Project period: 1 January 2021 – 30 September 2022

Funding: 2,498,050 SEK

Partners: STUNS, RISE and Uppsala Parkerings AB


2) User centered design of digital services for increased demand response

The project’s overall aim is to promote demand response among households by developing and testing two different design concepts to that end: real-time feedback that meets the needs of customers with power-based price models and prosumers with photovoltaics. The study is empirical and conducted as part of a collaboration project in Älvsjö, which includes academia, industry and the public sector. Using methods for user-centered design, all target groups of the project are involved in the development of the design concepts, which are thus rooted in their everyday lives. As part of this process, the goal is to increase knowledge on how climate-related, goal-based, normative as well as appliance- and activity specific feedback can be designed to increase awareness and promote behavioral change.

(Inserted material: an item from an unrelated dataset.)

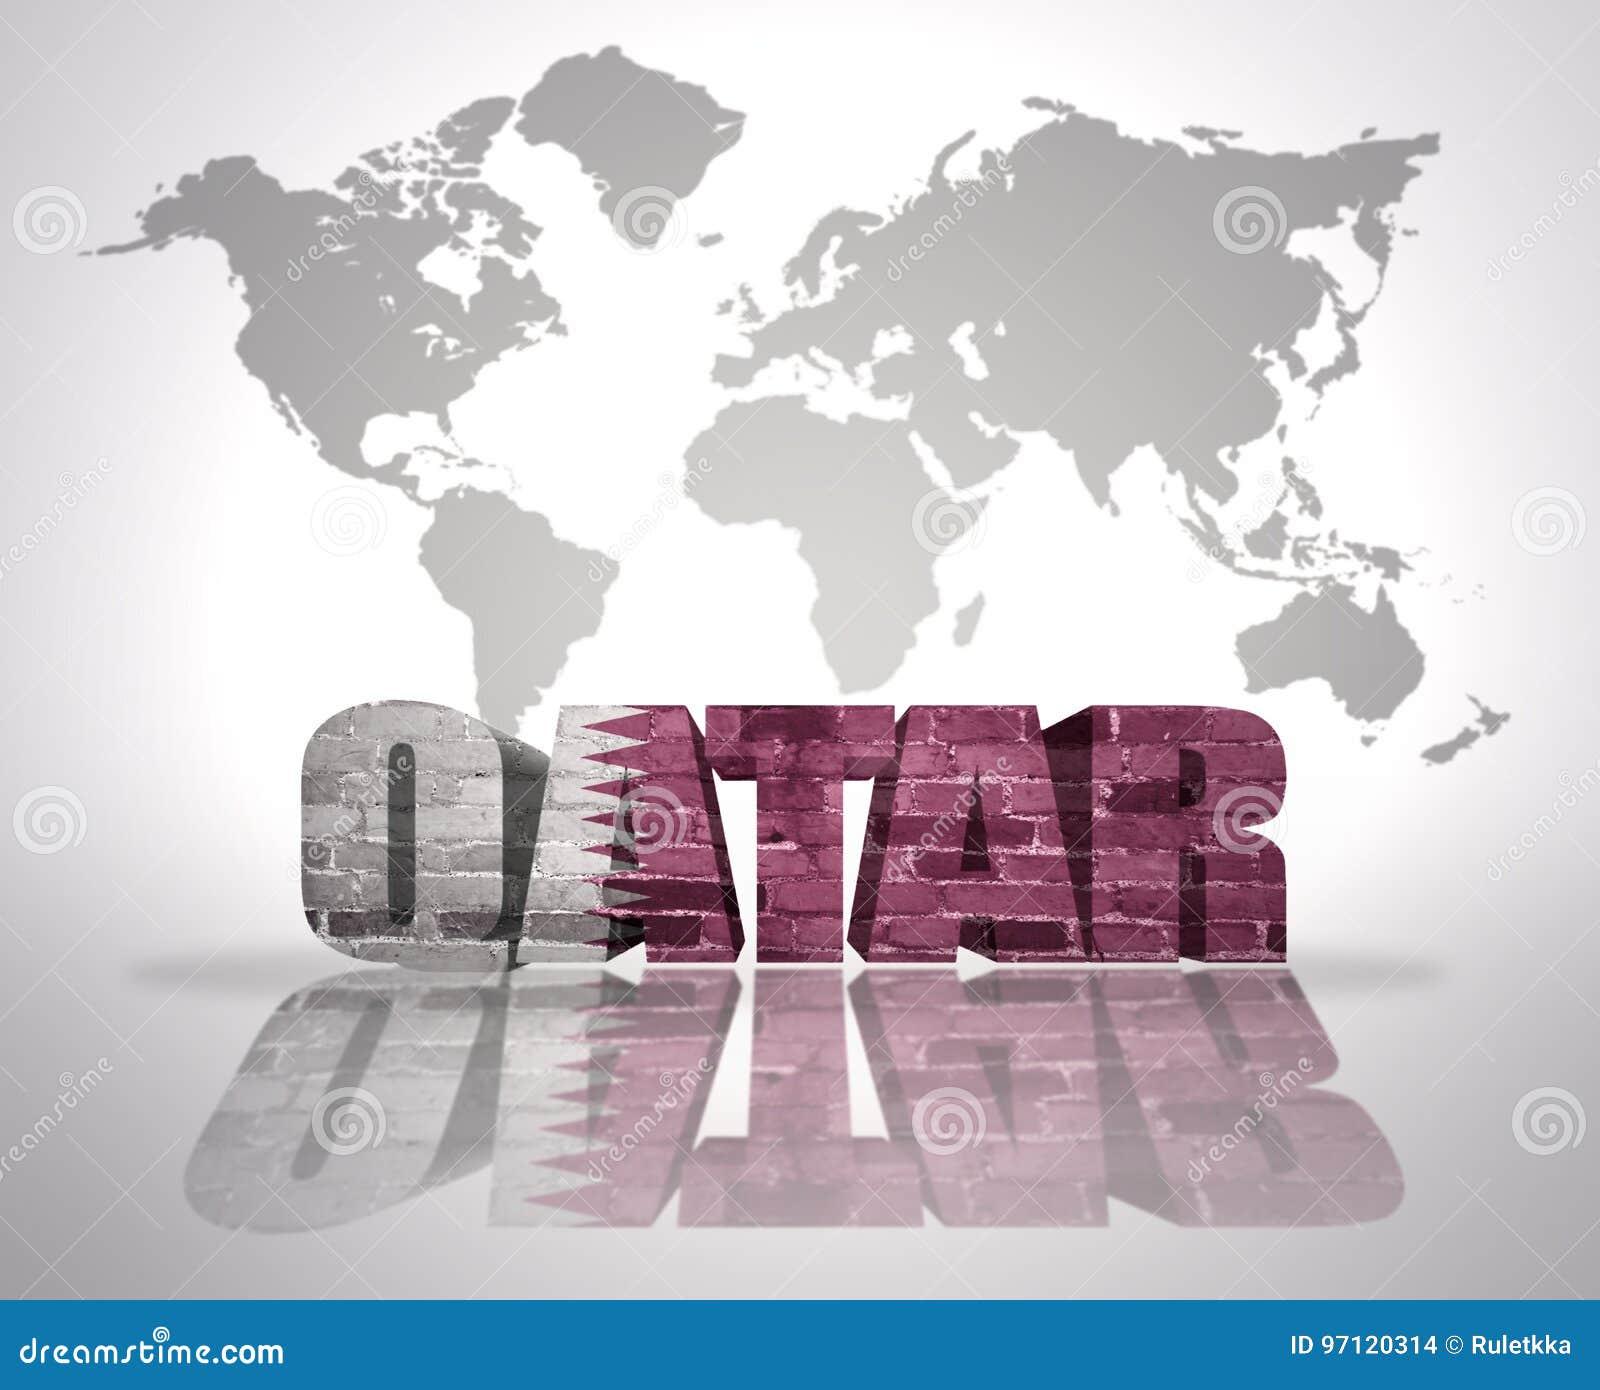 Carte Du Monde Qatar.Word Qatar Sur Un Fond De Carte Du Monde Illustration Stock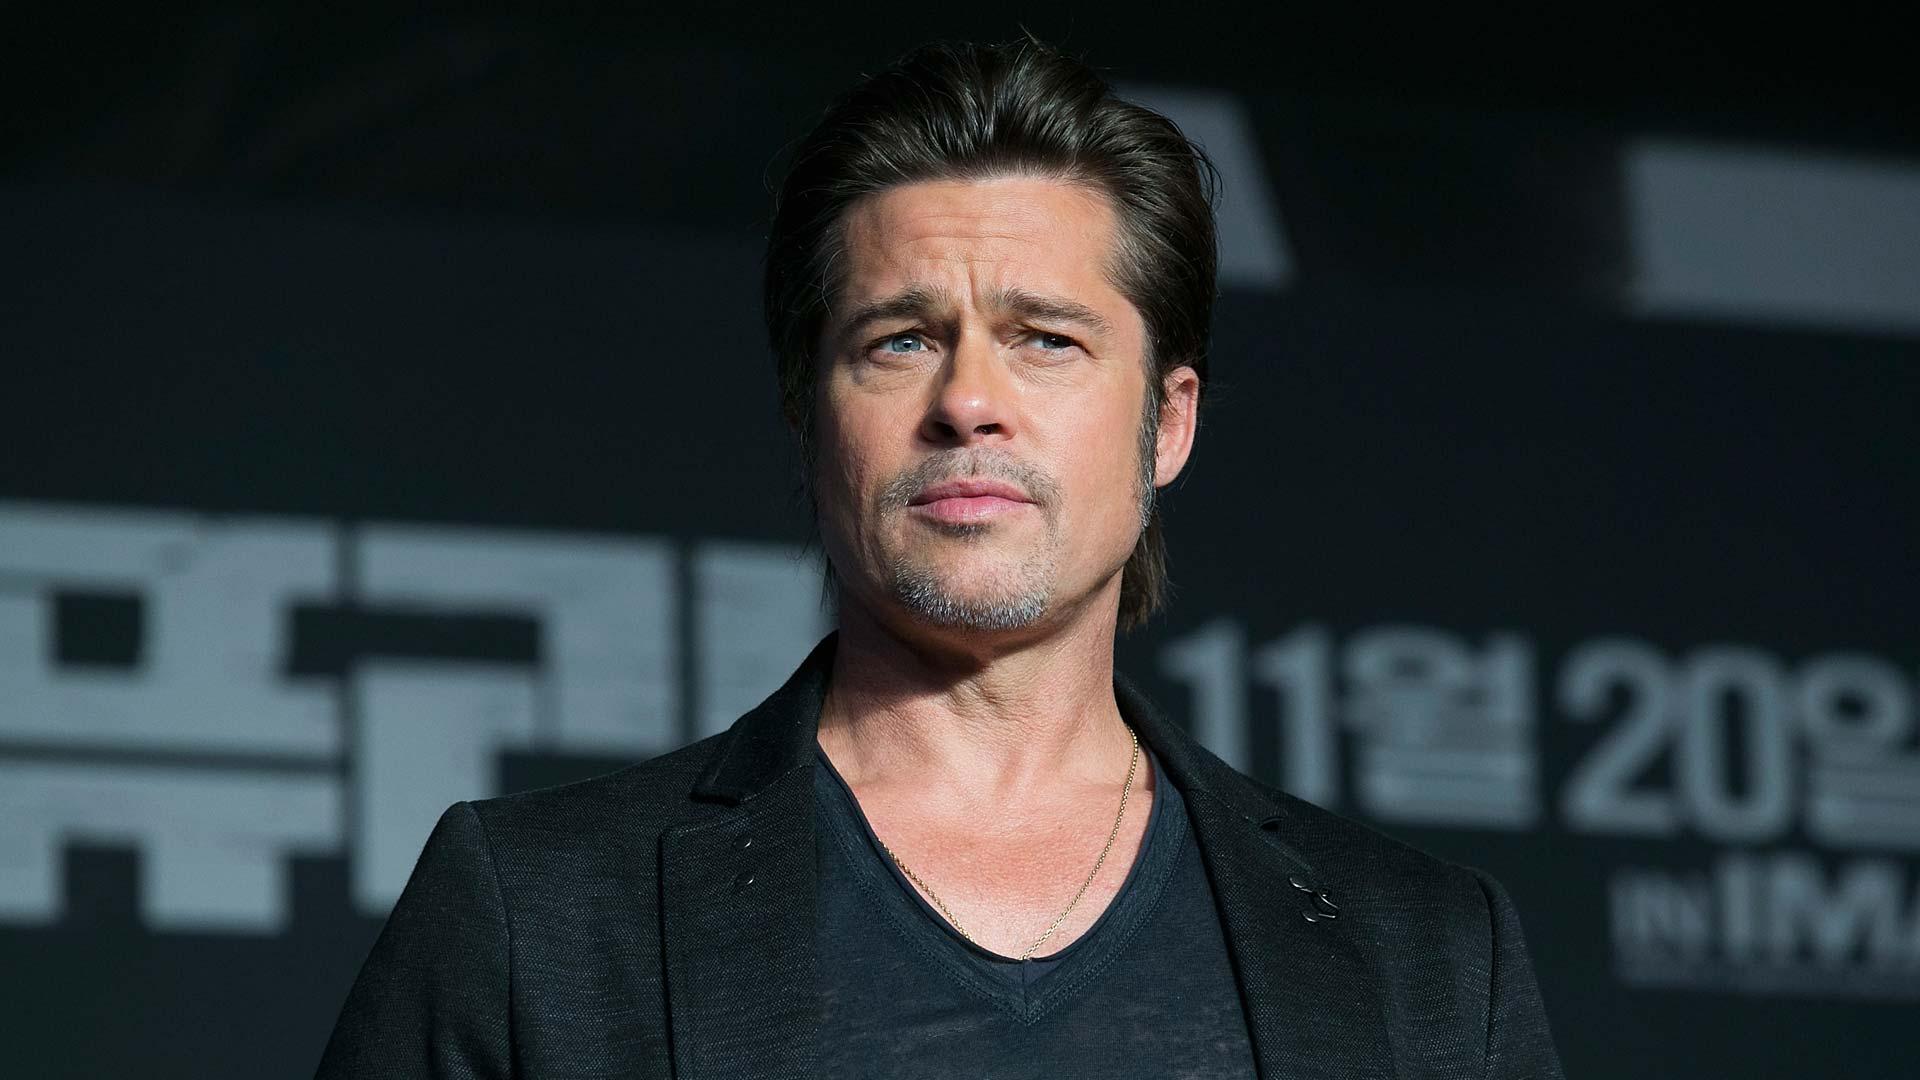 """Erfreut sich bester Gesundheit: Brad Pitt (hier 2014 bei der Pressekonferenz seines Films """"Fury"""" in Seoul)"""

Project period: 1 January 2021 – 31 December 2022

Funding: 2,298,624 SEK

Partners: KTH, Ellevio and Bright


3) Private, industrial and public electricity consumers as a flexibility resource

Capacity shortage in electricity grids threatens to slow down societal development. An increase in demand side flexibility is considered to be part of the solution. The technological potential is known, but knowledge about electricity users’ awareness and acceptance in this context is scarce. Against this background the project aims to increase knowledge on the psychological and socioeconomic potential for, as well as private, industrial and public electricity consumers’ drivers and barriers for contributing with, demand response as well as what role information campaigns, municipal energy audits, individual feedback and power tariffs may play in this respect. The theoretical approaches stem from the disciplines psychology and social marketing, whereas the empirical starting point consists of a collaborative project between a local distribution system operator and a municipality.